And this says take a natural join of SSNS and EMPLOYEE and project just
the names.

Now dissect the example more closely. Maybe "Presto" will show itself
and a logical contruction.

SSN_PNOS

Essn Pno

123456789 1

123456789 2

666884444 3

453453453 1

453453453 2

333445555 2

333445555 3

333445555 10

333445555 20

999887777 30

999887777 10

987987987 10

987987987 30

987654321 30

987654321 20

888665555 20

SMITH_PNOS
Pno
1
2

SSNS
Ssn
123456789
453453453

Magic Results, no explanation. This is the kind of soft material that
litters this class everywhere. I don't understand it

James K. Lowden

unread,

Dec 11, 2014, 9:13:19 PM12/11/14

to

On Thu, 11 Dec 2014 13:04:27 -0500
ruben safir <ru...@mrbrklyn.com> wrote:

> What class of query is this called and how is it generlized
> mathmatically.

A join is called a "cross product" and may be thought of as
multiplication. Relational division is its inverse:

C = A × B
B = C ÷ A

It is not well represented in SQL, unfortunately.

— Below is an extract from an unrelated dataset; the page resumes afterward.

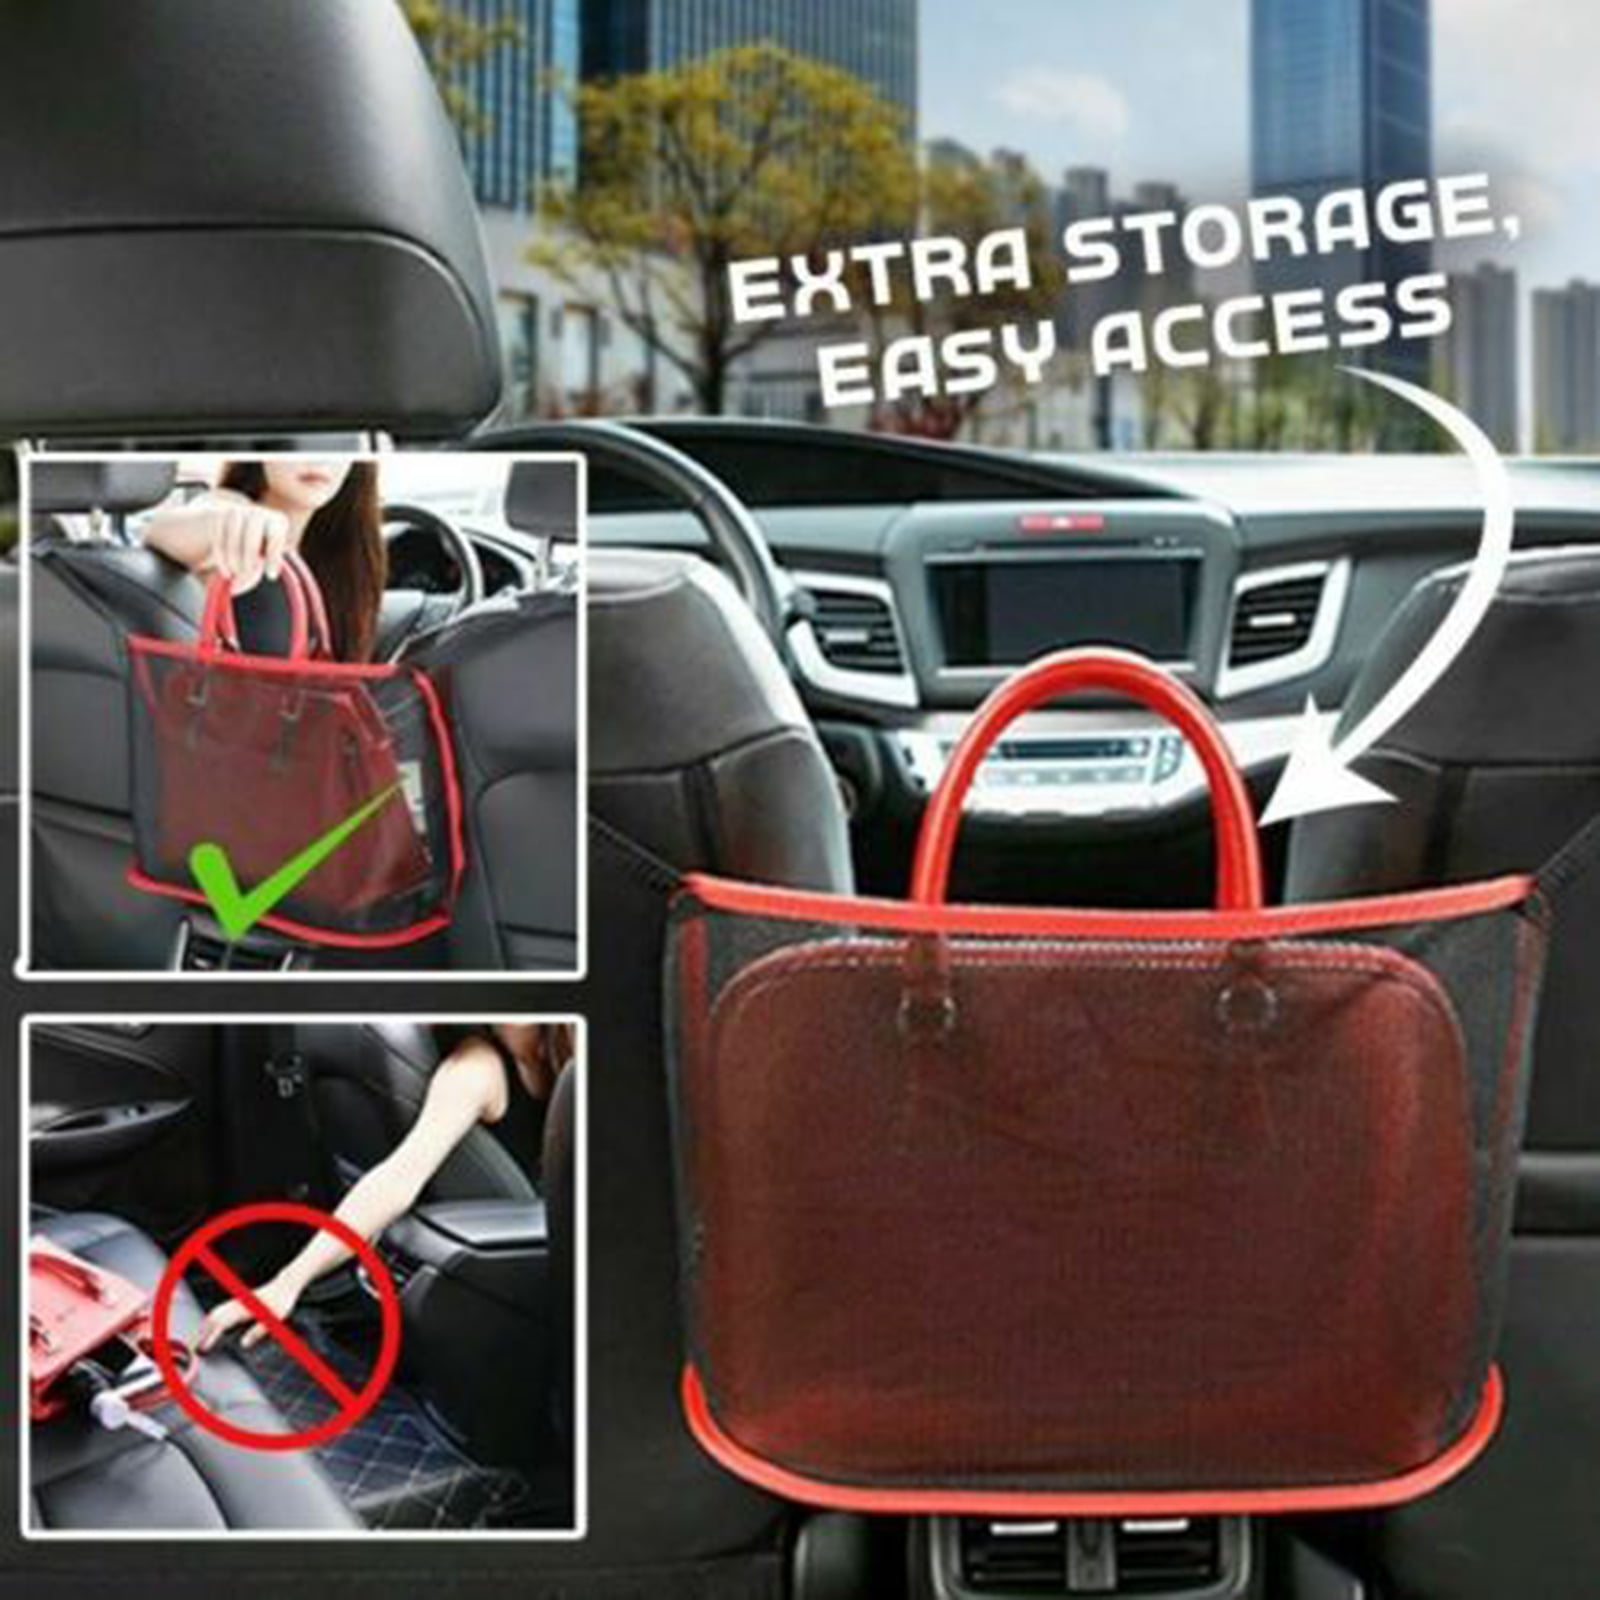 Advanced Car Seat Side Storage Mesh Net Bag Net Pocket Handbag Holder Organizer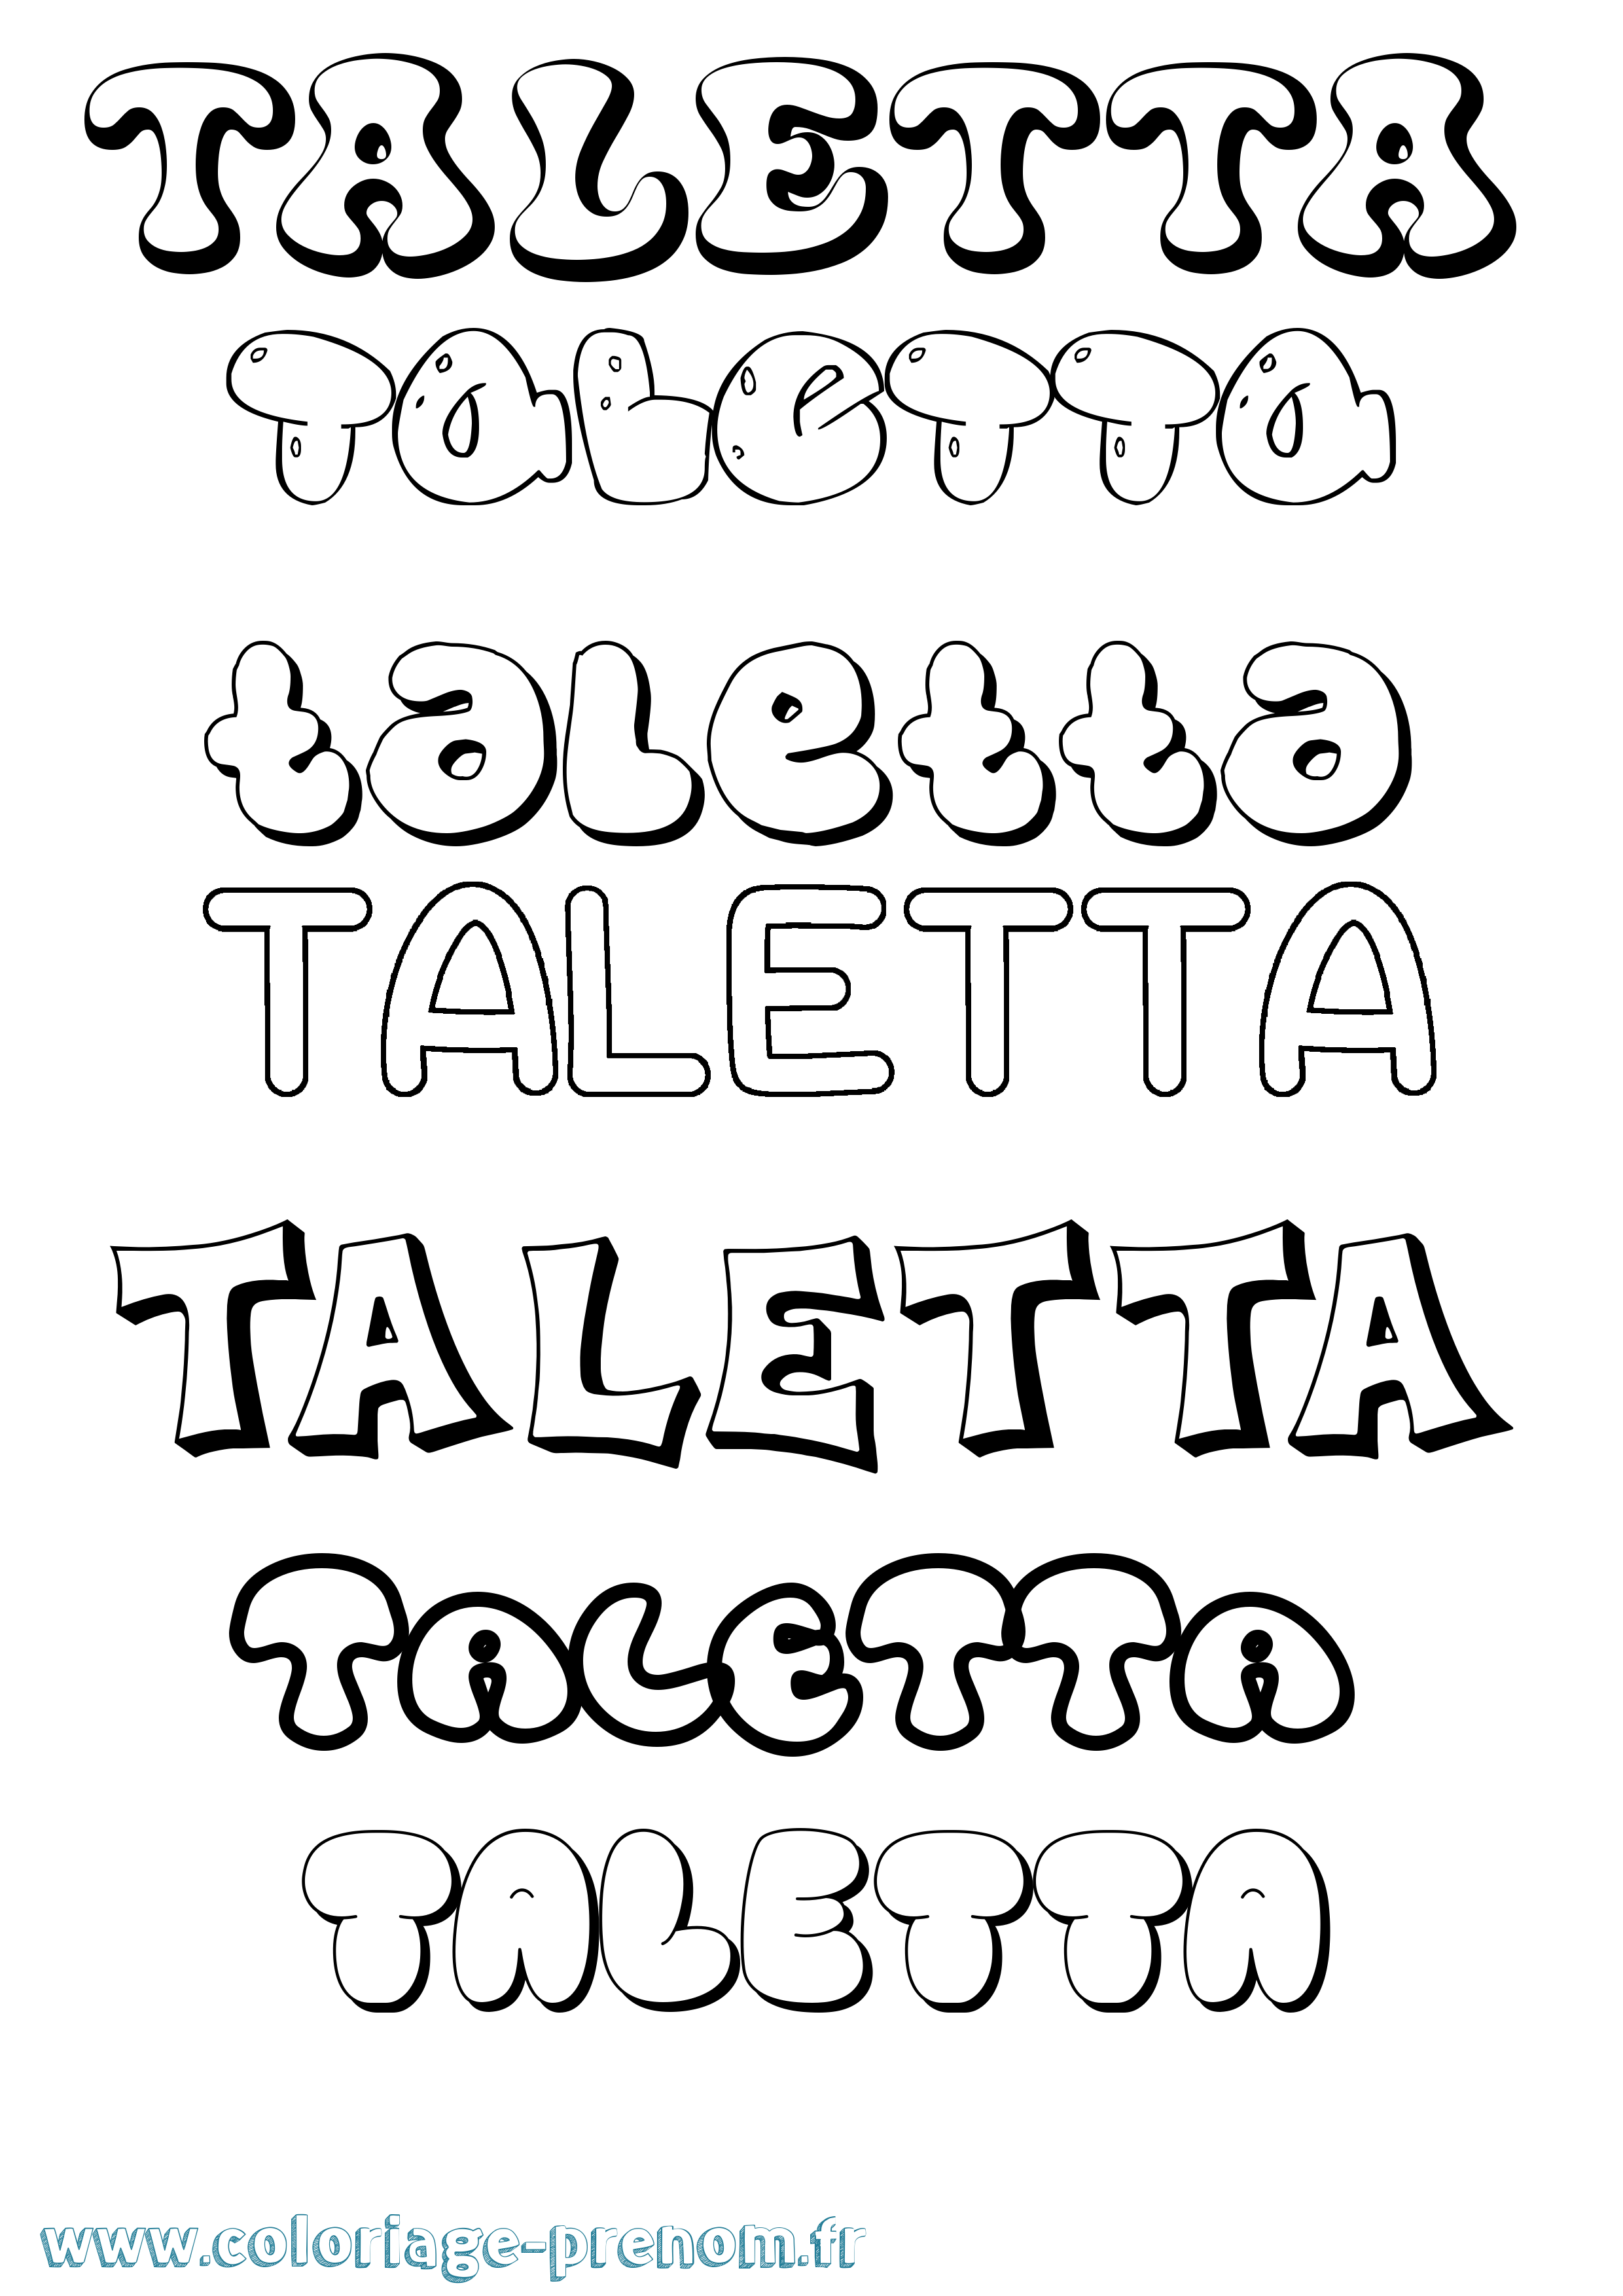 Coloriage prénom Taletta Bubble

>> sometimes occurs in database applications.
>
> Really? What kind?

> (e) Retrieve the names of employees who work on every project

That kind!

--jkl

ruben safir

unread,

Dec 12, 2014, 2:33:18 AM12/12/14

to

On 12/11/2014 09:13 PM, James K. Lowden wrote:
>> > (e) Retrieve the names of employees who work on every project
> That kind!

in deed. With enough scotch I can understand this

There is this line in the text about division :(

The DIVISION operation can be expressed as a sequence of π, ×, and –
operations as
follows:
T1 ← πY(R)
T2 ← πY((S × T1) – R)
T ← T1 – T2

tried this and go some insite but it is still just magic

-CELKO-

unread,

Dec 12, 2014, 8:20:50 AM12/12/14

to

Relational division is one of the eight basic operations in Codd's relational algebra. The idea is that a divisor table is used to partition a dividend table and produce a quotient or results table. The quotient table is made up of those values of one column for which a second column had all of the values in the divisor. There is a really good presentation on four ways to do this at: http://www.cs.arizona.edu/people/mccann/research/divpresentation.pdf

This is easier to explain with an example. We have a table of pilots and the planes they can fly (dividend); we have a table of planes in the hangar (divisor); we want the names of the pilots who can fly every plane (quotient) in the hangar. To get this result, we divide the PilotSkills table by the planes in the hangar.

CREATE TABLE PilotSkills
(pilot CHAR(15) NOT NULL,
plane CHAR(15) NOT NULL,
PRIMARY KEY (pilot, plane));

PilotSkills
pilot plane
=========================
'Celko' 'Piper Cub'
'Higgins' 'B-52 Bomber'
'Higgins' 'F-14 Fighter'
'Higgins' 'Piper Cub'
'Jones' 'B-52 Bomber'
'Jones' 'F-14 Fighter'
'Smith' 'B-1 Bomber'
'Smith' 'B-52 Bomber'
'Smith' 'F-14 Fighter'
'Wilson' 'B-1 Bomber'
'Wilson' 'B-52 Bomber'
'Wilson' 'F-14 Fighter'
'Wilson' 'F-17 Fighter'

CREATE TABLE Hangar
(plane CHAR(15) NOT NULL PRIMARY KEY);

Hangar
plane
=============
'B-1 Bomber'
'B-52 Bomber'
'F-14 Fighter'

PilotSkills DIVIDED BY Hangar
pilot
=============================
'Smith'
'Wilson'

In this example, Smith and Wilson are the two pilots who can fly everything in the hangar. Notice that Higgins and Celko know how to fly a Piper Cub, but we don't have one right now. In Codd's original definition of relational division, having more rows than are called for is not a problem.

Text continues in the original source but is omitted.